## REQUIRED WORK
Please copy each line of the listing below precisely, excluding the images.

## SOURCE MATERIAL

-.-.-

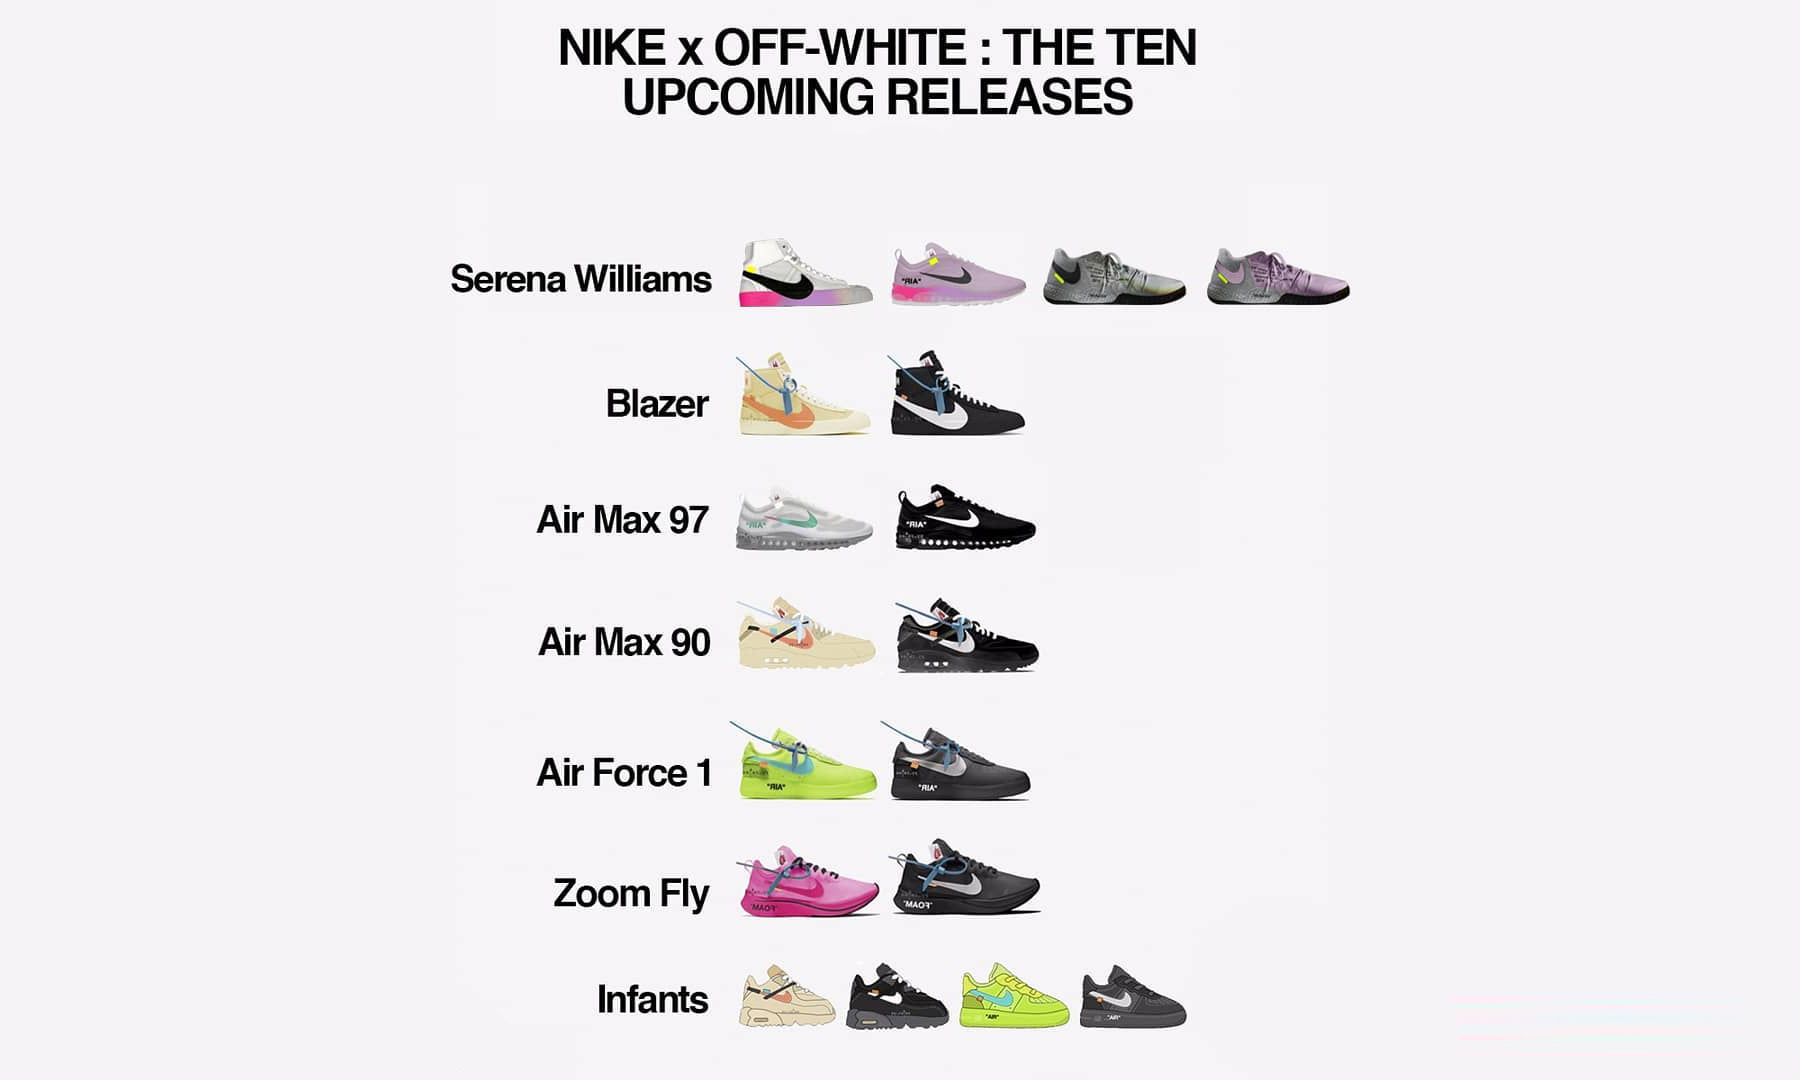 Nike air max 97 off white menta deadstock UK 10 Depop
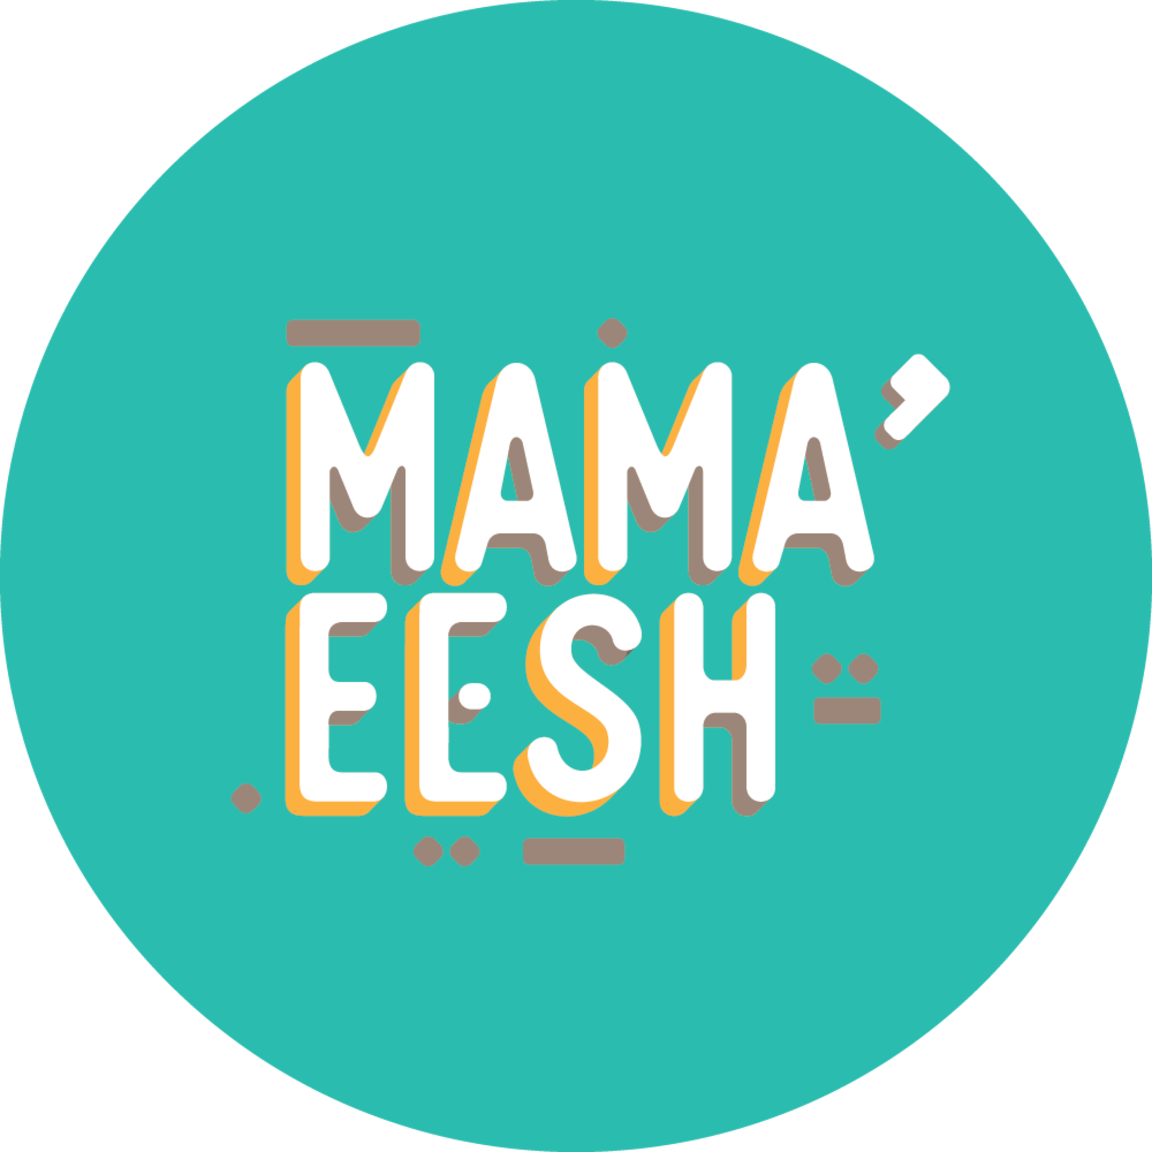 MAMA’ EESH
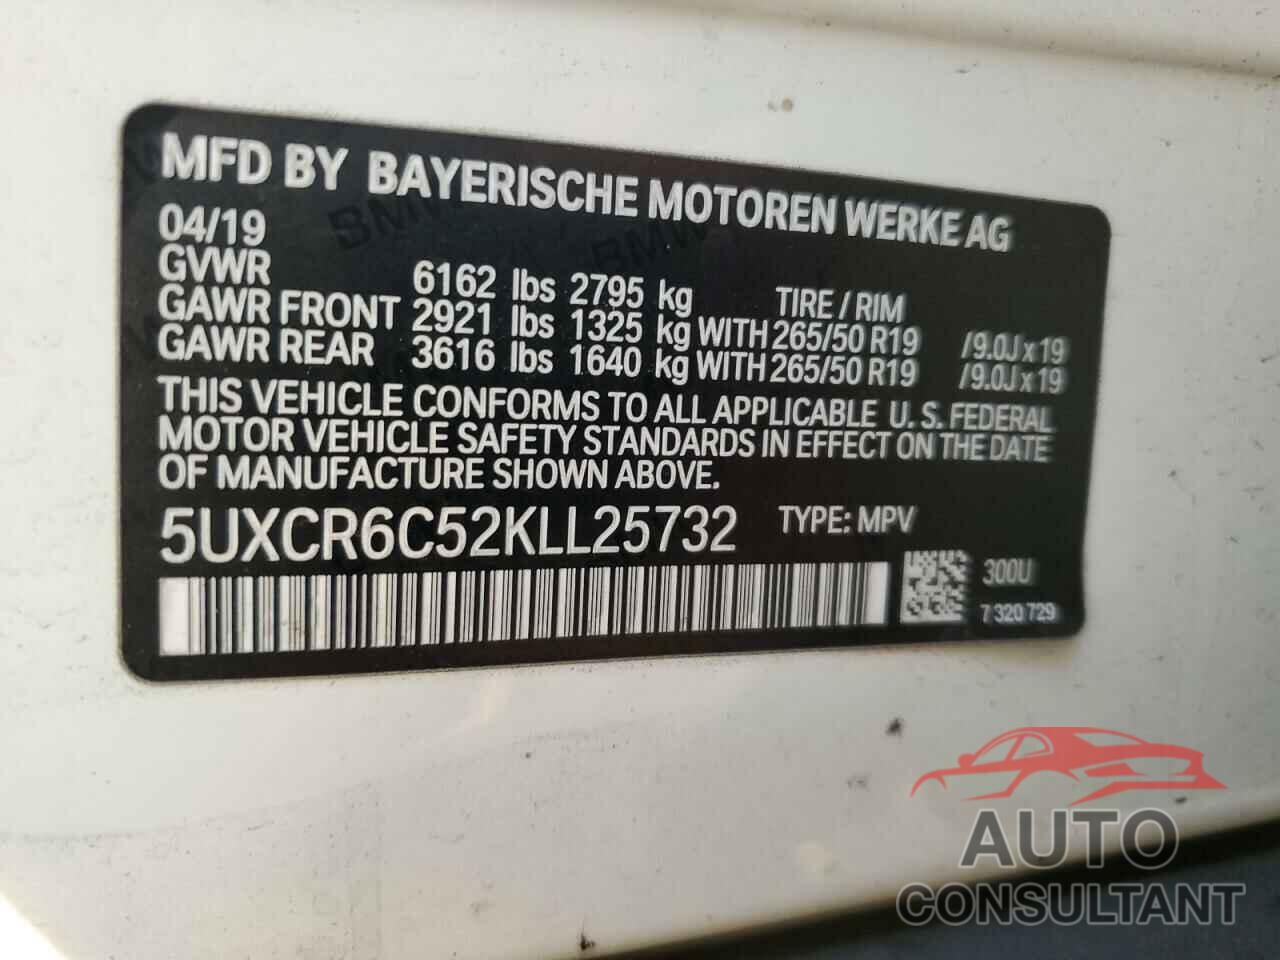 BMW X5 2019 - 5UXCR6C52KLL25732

-.-.-

## RESPONSE TO THE TASK
 Nike air max 97 off white menta deadstock UK 10 Depop
 MAMA’ EESH
 BMW X5 2019 - 5UXCR6C52KLL25732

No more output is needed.